February 9, 2009
Honestly now, what is the deal with men?
This morning, between the hours of 9am and 10am, my husband called me twice. I was at my office and he was at home--you know, since that lucky, self-employed bonehead happens to take Mondays off.
I've grown all too accustomed to his Monday morning calls. So when Jared's number faded onto the caller ID, I picked up my phone and without even saying hello I mumbled, "Dude, I don't know where it is."
And Jared was like, "Are you sure you don't know where it is? Because I really can't find the dog brush anywhere."
"Is it in the dog brush basket," I asked?
"Then I really don't know where it is."
Ten minutes later, the phone rang again.
"Amy," he said, "do you know where my keys are?"
"Are they on your key hook," I asked?
"No. Any other ideas where they might be?"
And this time, instead of lecturing my six-foot husband, I decided to try something new.

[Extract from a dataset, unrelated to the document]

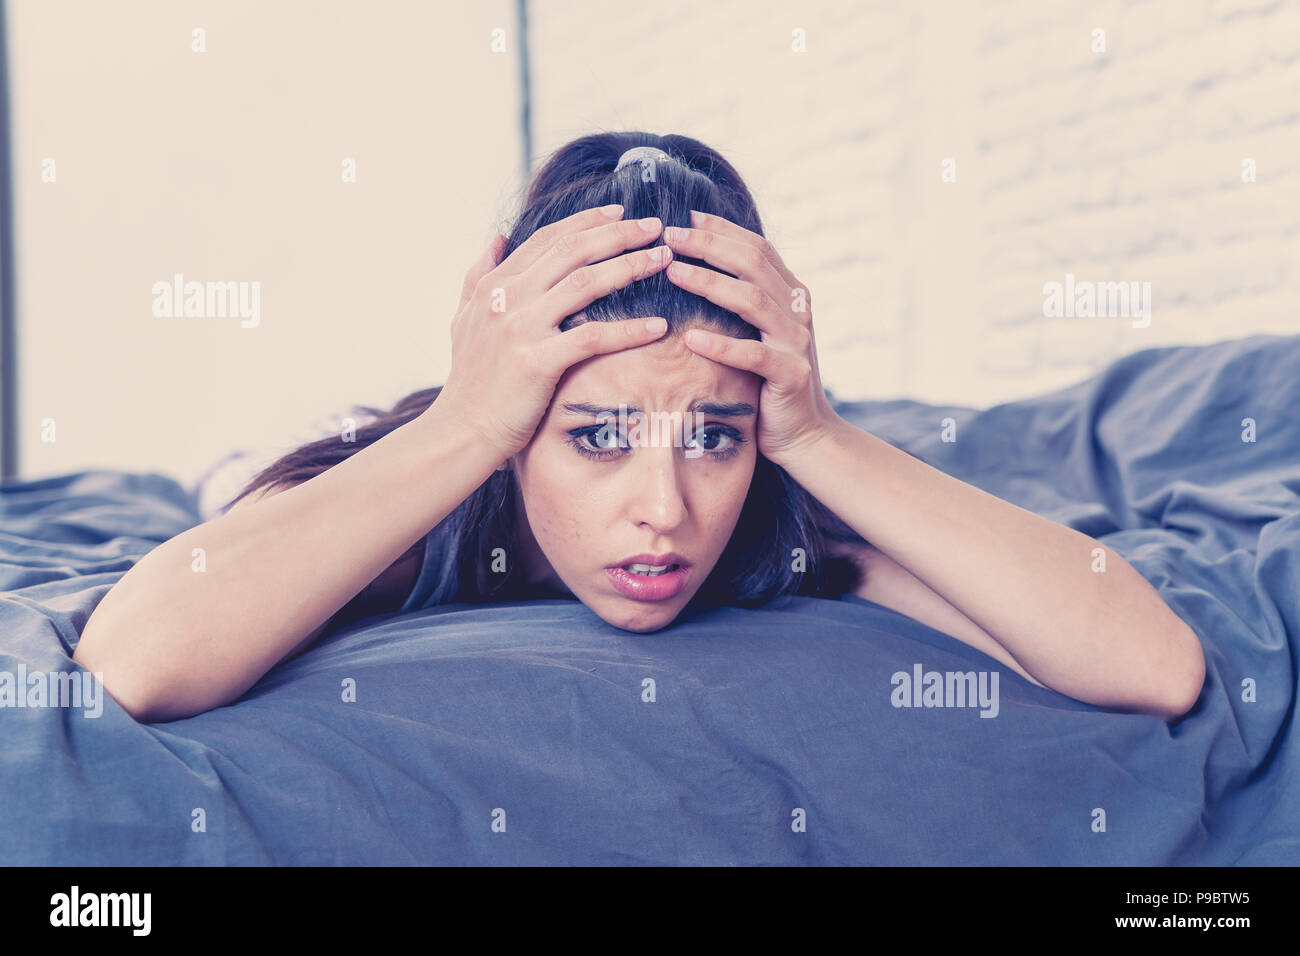 Junge schöne Hispanic traurige Frau portrait ernst und besorgt, besorgt und nachdenklichen Gesichtsausdruck Gefühl auf dem Bett gedrückt mit Weiß Stockfoto

"Ummm....check the dryer," I said. "I'm pretty sure I saw them on top of the dryer."
So Jared ran down the basement stairs to look on top of the dryer. No luck.
"You know," I continued, "I feel like I saw your keys in James's room. Sometimes he takes things. You should go up look on his nightstand."
So Jared ran up two flights of stairs to our three-year-old's bedroom. Still no luck.
"Try the workshop," I suggested.
And down, down, down he went.
"What about the guest room," I mentioned?
And Jared went up, up, up.
Then back down to rifle through his ski bag, back up to look inside the bathroom cabinet, out to the garage to scour the shelves, and back up to the closet--you know, strictly for entertainment purposes.
And then, only after three trips up, three trips down and one trip into the sub zero elements did it finally dawn on Jared...he married a total and complete $^!%head.